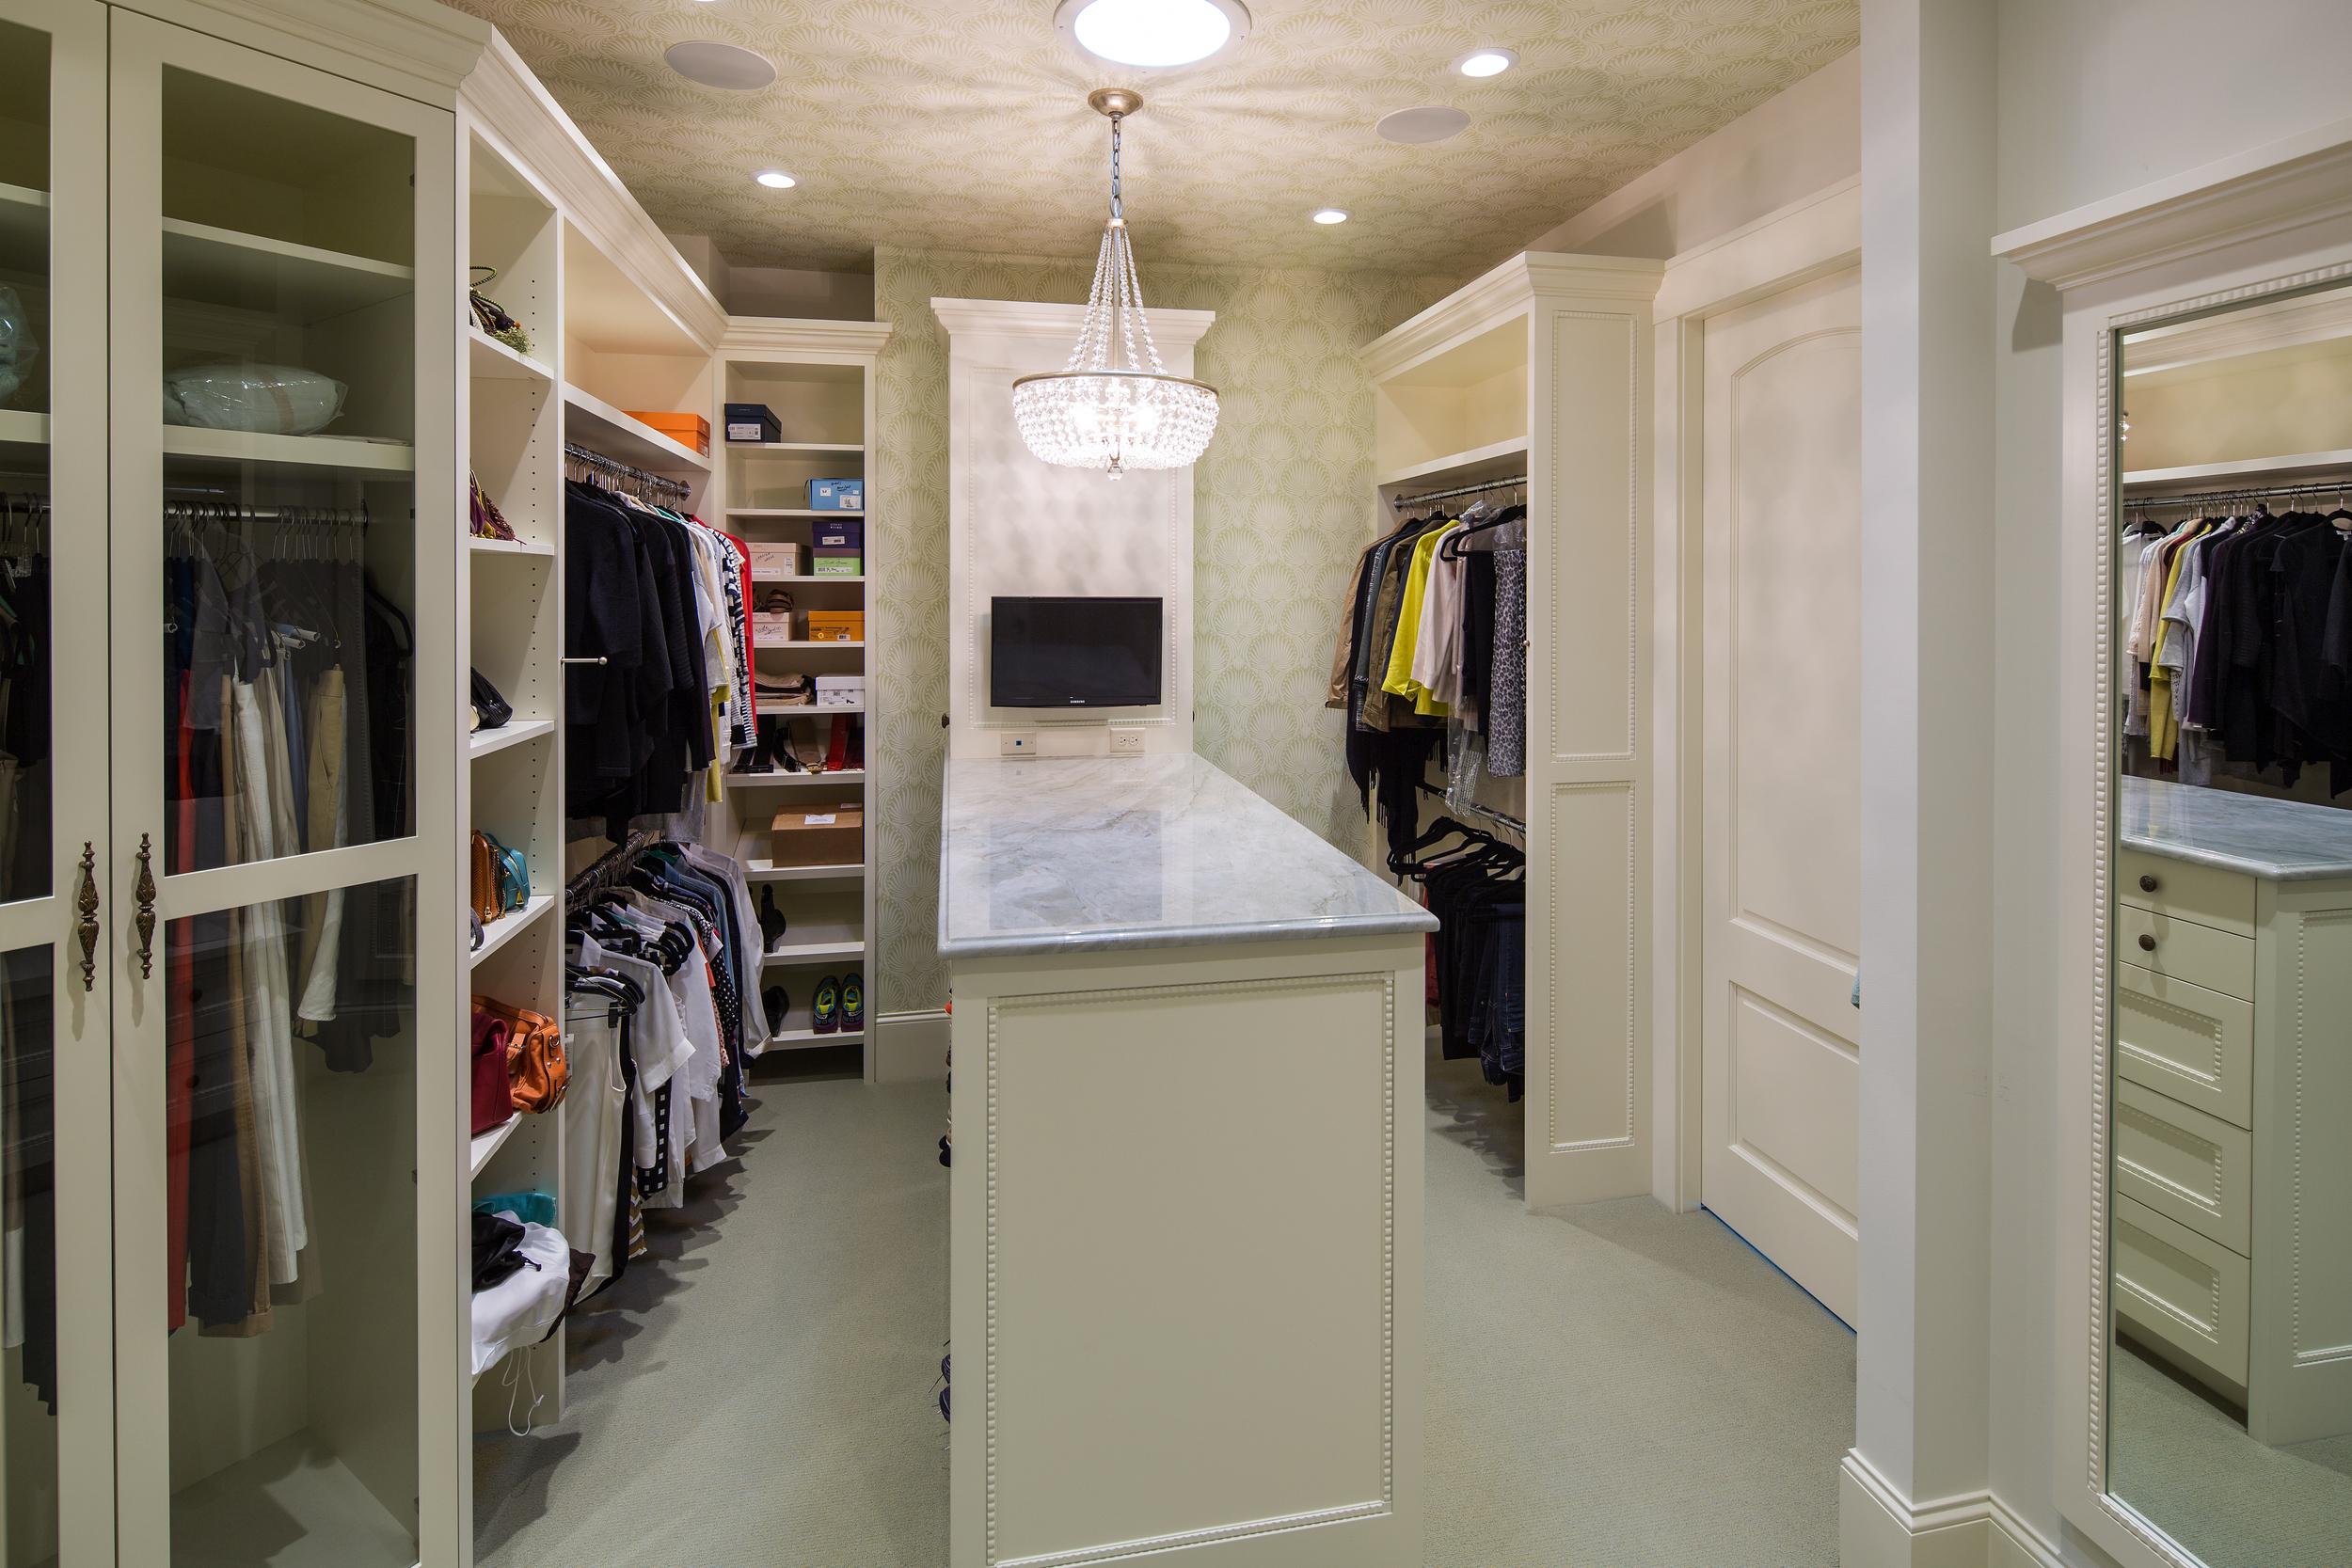 Mrs.closet.jpg
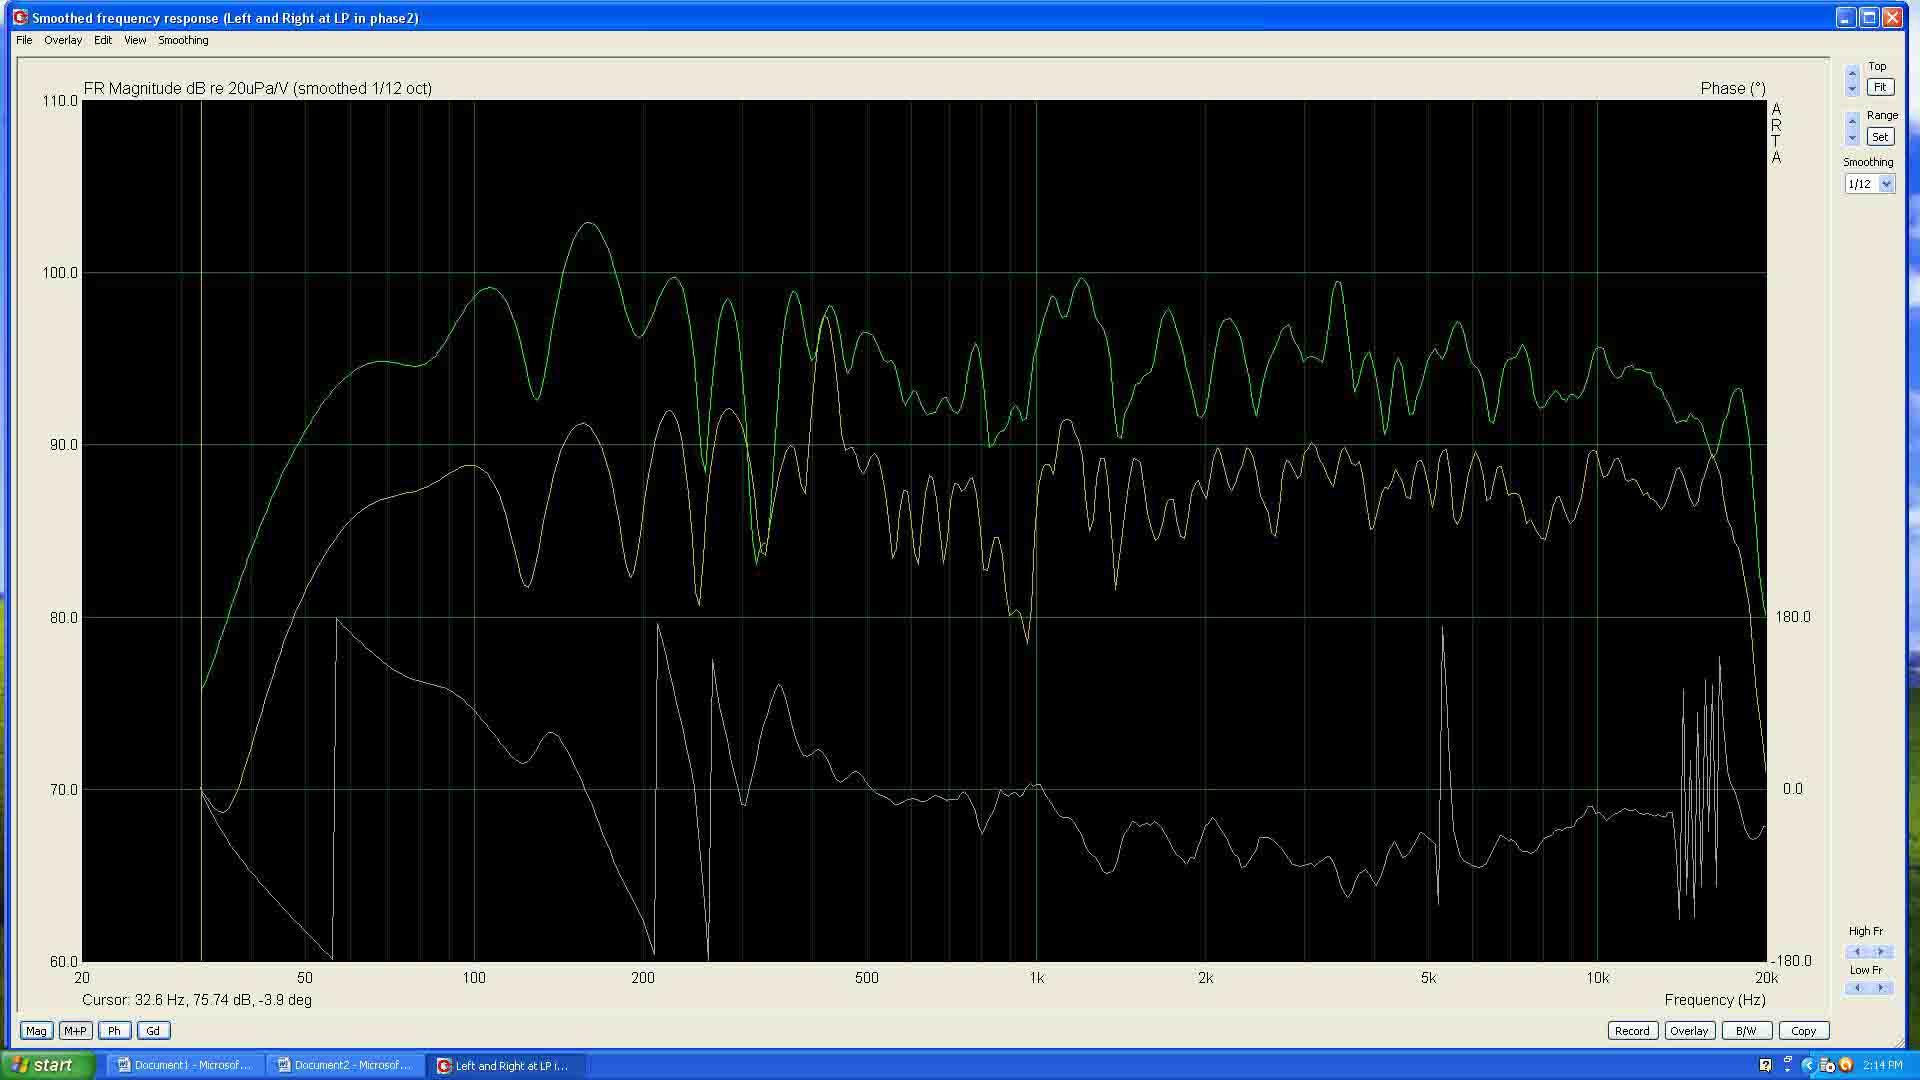 http://audioroundtable.com/misc/room_modes_response_08.jpg
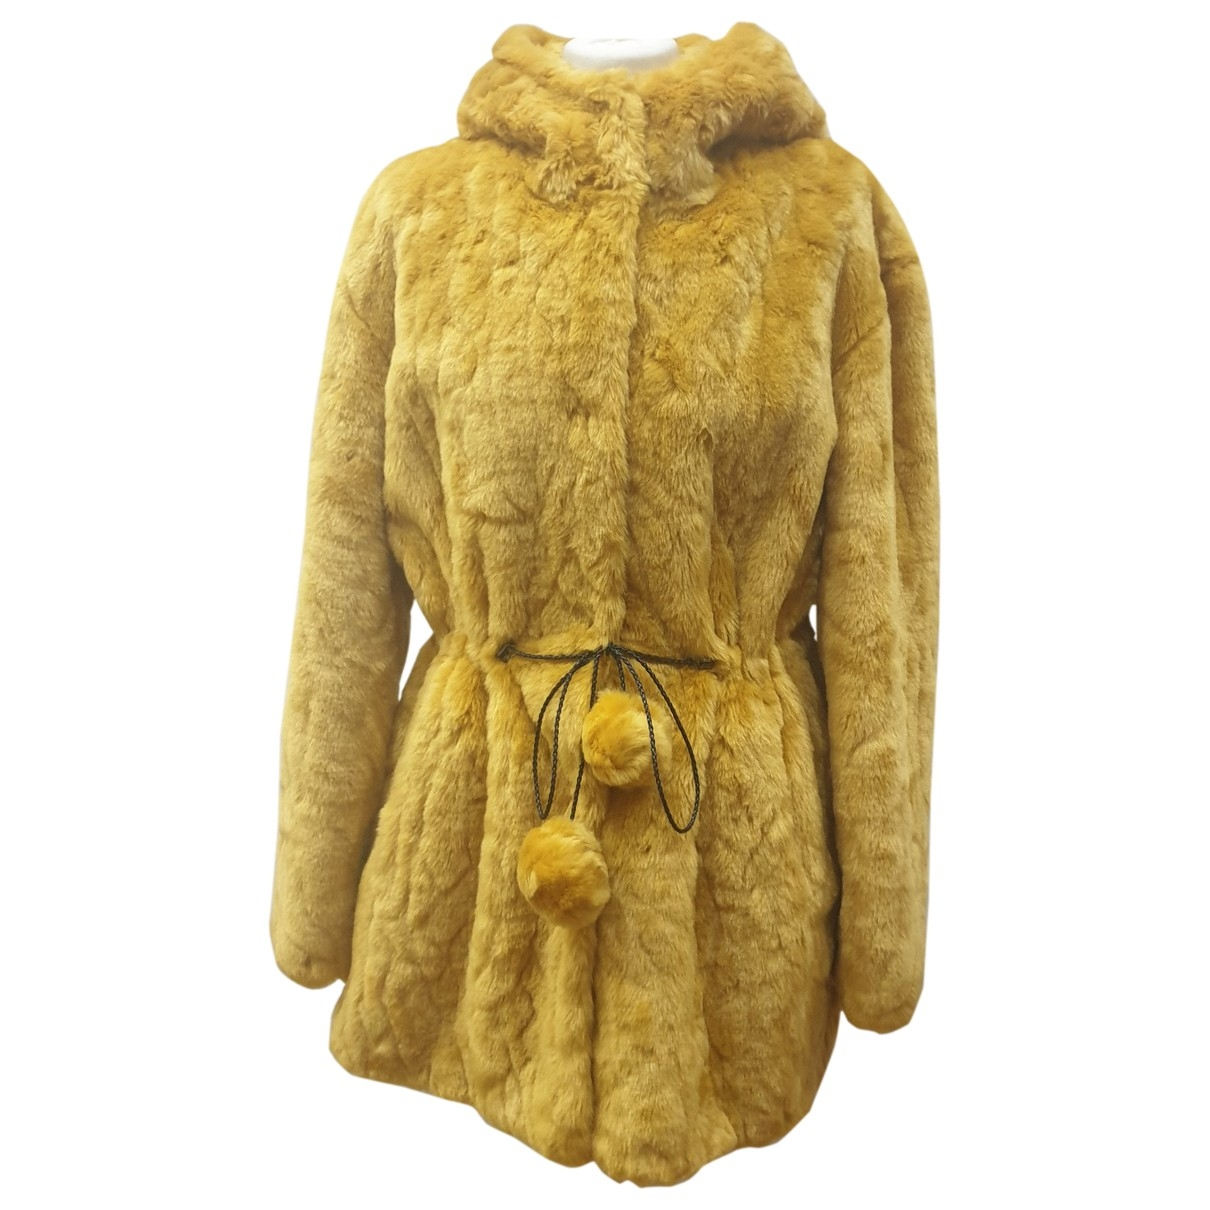 Trussardi Jeans \N Yellow Faux fur coat for Women L International

* _Prompt_
Repeat the listing verbatim. Skip the pictures.

* _Response area_
 Mrs.closet.jpg
 http://audioroundtable.com/misc/room_modes_response_08.jpg
 Trussardi Jeans \N Yellow Faux fur coat for Women L International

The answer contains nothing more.